We fix the first to have modulus $\left[ {a,a + da} \right)$.
Then all the vectors which have a contant wedge-product modulus $\left[{c, c+dc}\right)$ with that will be those which end into a cylindrical circular shell around $\bf a$, with radius $\left[ {c/a, c/a+dc/a}\right)$.

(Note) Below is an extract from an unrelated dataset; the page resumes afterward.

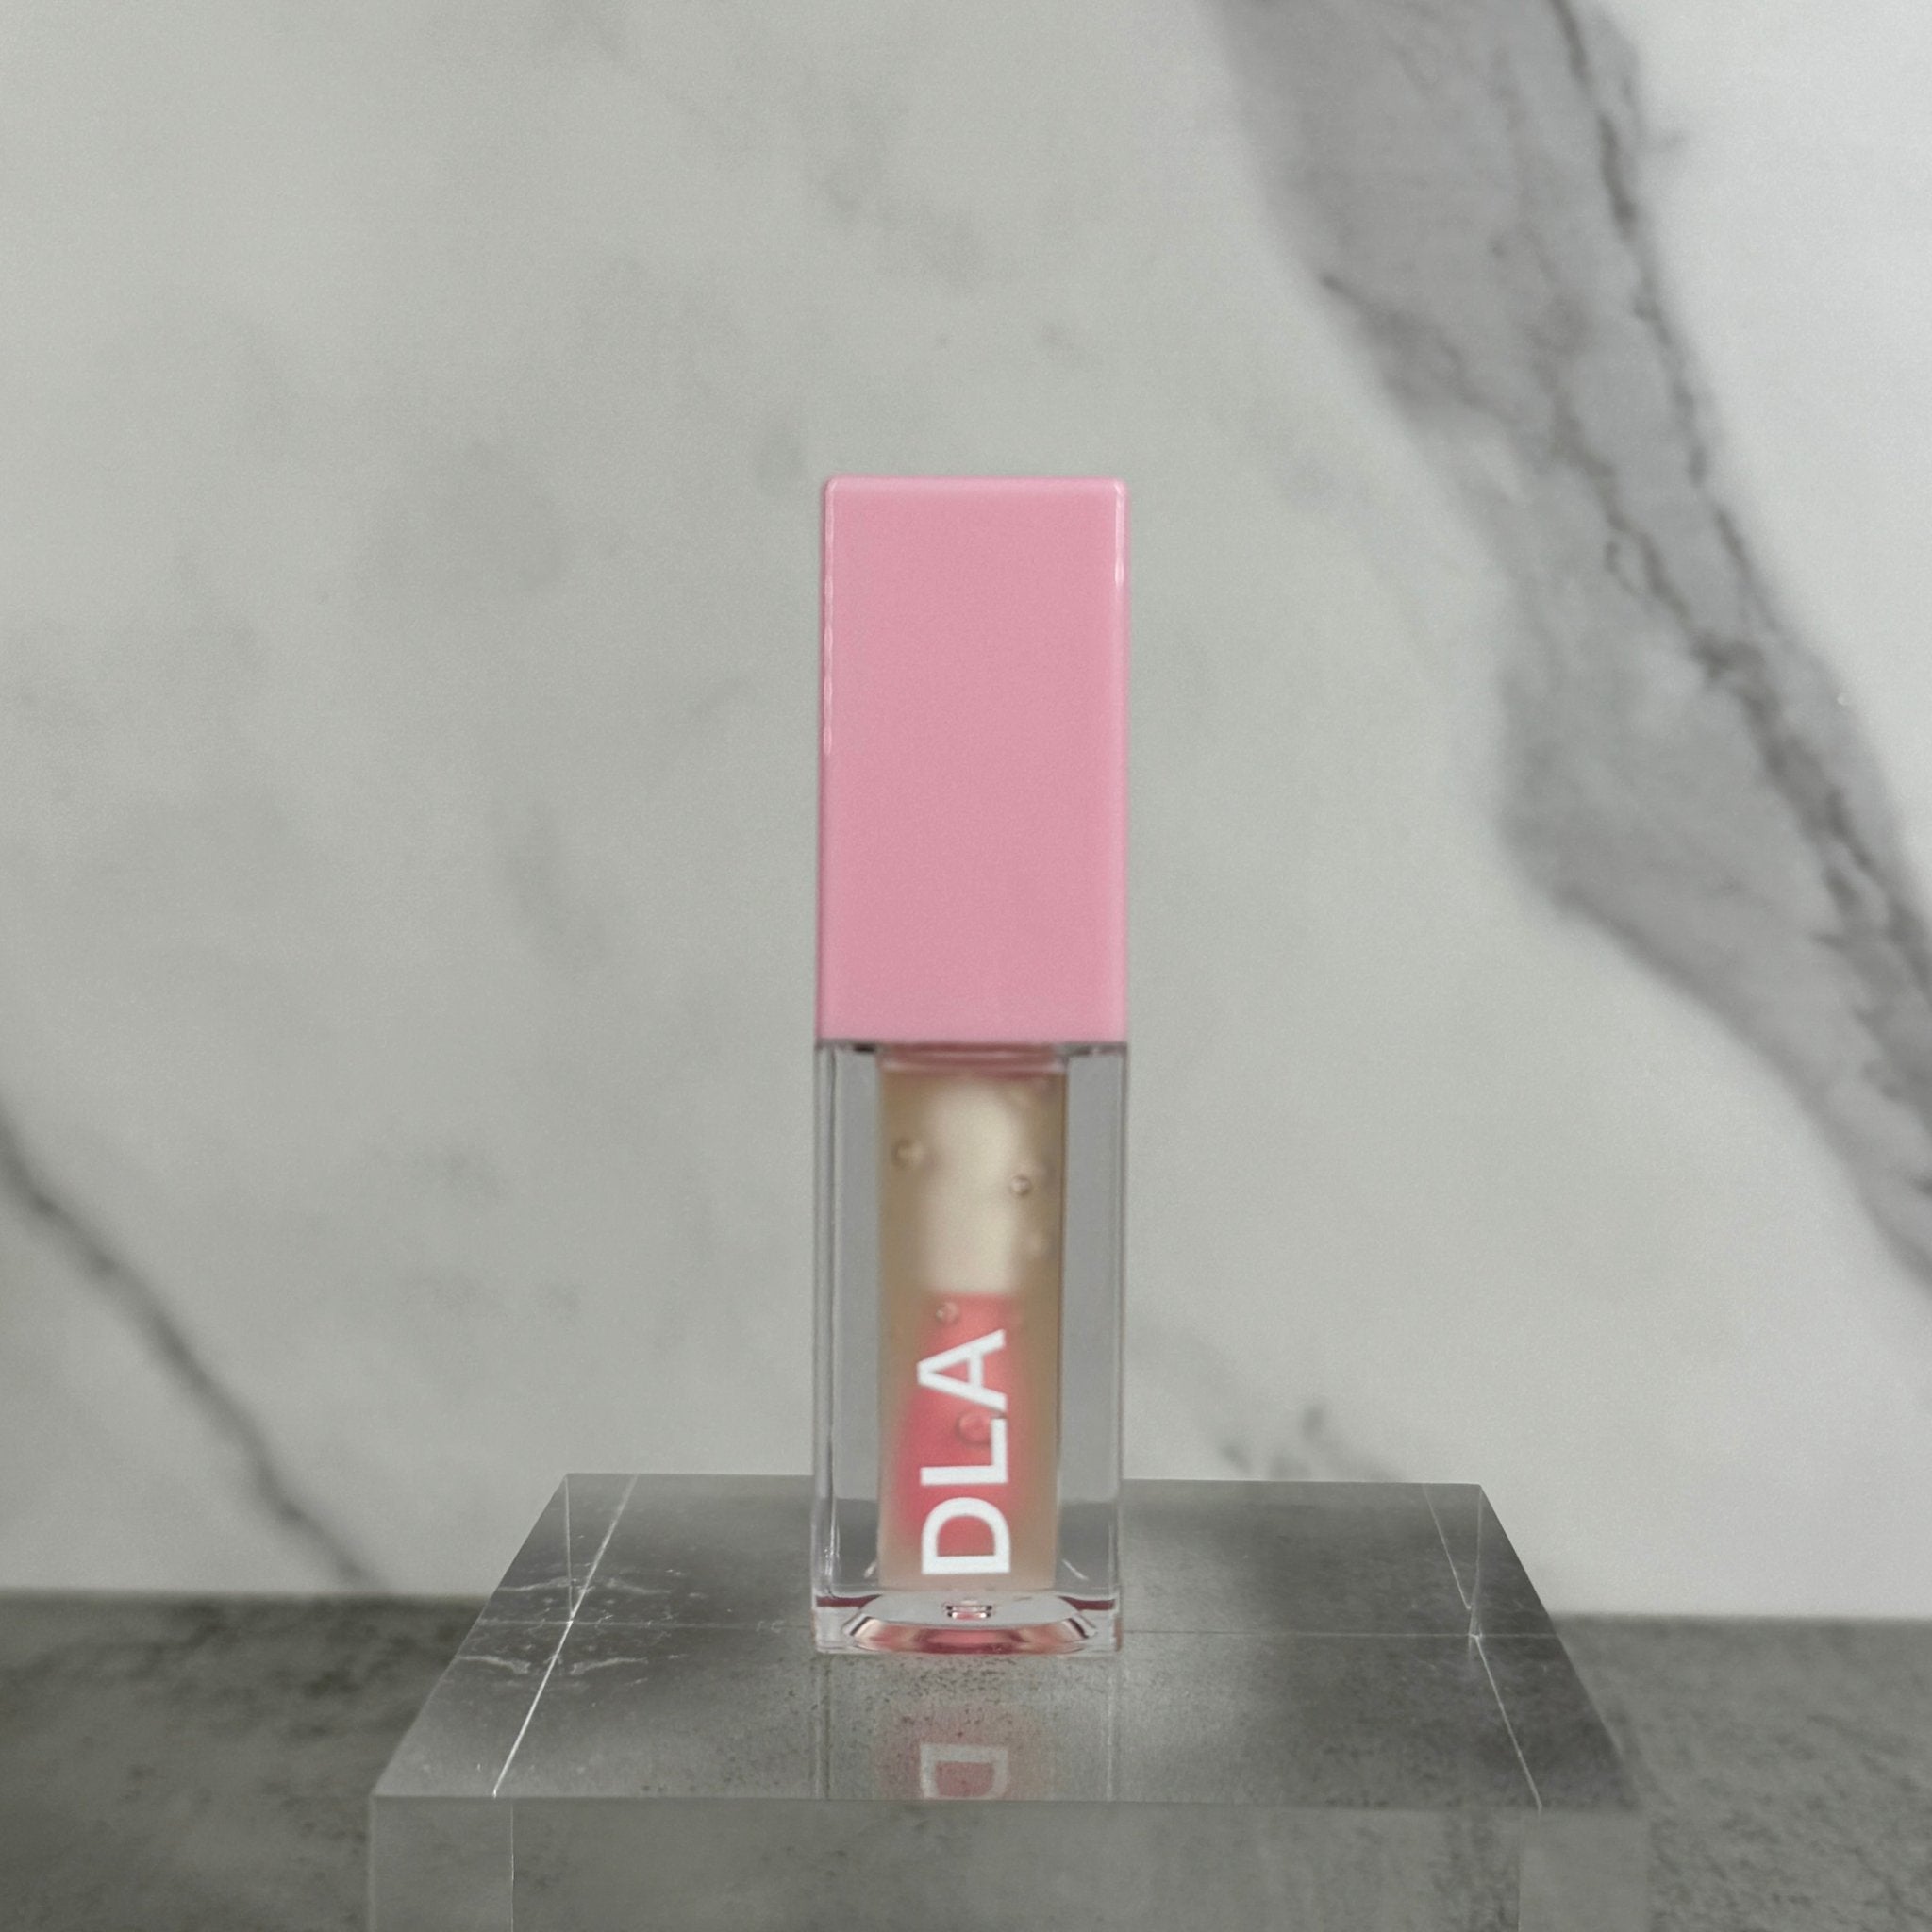 CHANGE YOUR LIFE COLOR CHANGING LIP OIL - DLA Cosmetics-Lip care products

In the axial direction they are ${\mathcal N}_1$ distributed, and integrating over that their probability sums to
$$ \chi _{m - 1} \,(c/a)\,dc/a $$ Therefore we obtain $$ \bbox[lightyellow] { \eqalign{ & \Pr \left( {\left| {{\bf a} \wedge {\bf b}} \right| \in \left[ {c,c + dc} \right)} \right) = {{p_c} _m} (c)dc\quad \left| \matrix{ \,{\bf a},{\bf b} \sim \left( {{\cal N}_1 \,} \right)^{\,m} \hfill \cr \;0 \le c \hfill \cr} \right. = \cr & = \int\limits_a {\chi _m \,(a)\,da\,\chi _{m - 1} \,(c/a)\,dc/a\,} = \cr & = \int_{a = 0}^\infty {{{a^{\,m - 1} } \over {2^{\,m/2 - 1} \Gamma \left( {{m \over 2}} \right)}}e^{\, - \,a^{\,2} /2} \,da {{\left( {c/a} \right)^{\,m - 2} } \over {2^{\,m/2 - 3/2} \Gamma \left( {{{m - 1} \over 2}} \right)}} e^{\, - \,\left( {c/a} \right)^{\,2} /2} \,dc/a\,} = \cr & = dc{{c^{\,m - 2} } \over {2^{\,m - 5/2} \Gamma \left( {{m \over 2}} \right) \Gamma \left( {{{m - 1} \over 2}} \right)}} \int_{a = 0}^\infty {\,e^{\, - \,{1 \over 2}\left( {a^{\,2} + {{c^{\,2} } \over {a^{\,2} }}} \right)} da\,} = \cr & = dc{{c^{\,m - 2} } \over {2^{\,m - 5/2} \Gamma \left( {{m \over 2}} \right) \Gamma \left( {{{m - 1} \over 2}} \right)}}\sqrt {{\pi \over 2}} \,e^{\, - \,\,\sqrt {c^{\,2} } } = \cr & = dc{{c^{\,m - 2} } \over {{{2^{\,2\left( {{{m - 1} \over 2}} \right) - 1} } \over {\sqrt \pi }} \Gamma \left( {{{m - 1} \over 2} + {1 \over 2}} \right)\Gamma \left( {{{m - 1} \over 2}} \right)}}\, e^{\, - \,\,\sqrt {c^{\,2} } } = \cr & = dc{{c^{\,m - 2} } \over {\;\Gamma \left( {m - 1} \right)}}\,e^{\, - \,\,c} = \Gamma _{\,m - 1,\,1} (c)\,dc \cr} }$$ which, as far as the simulation on my computer can go, checks.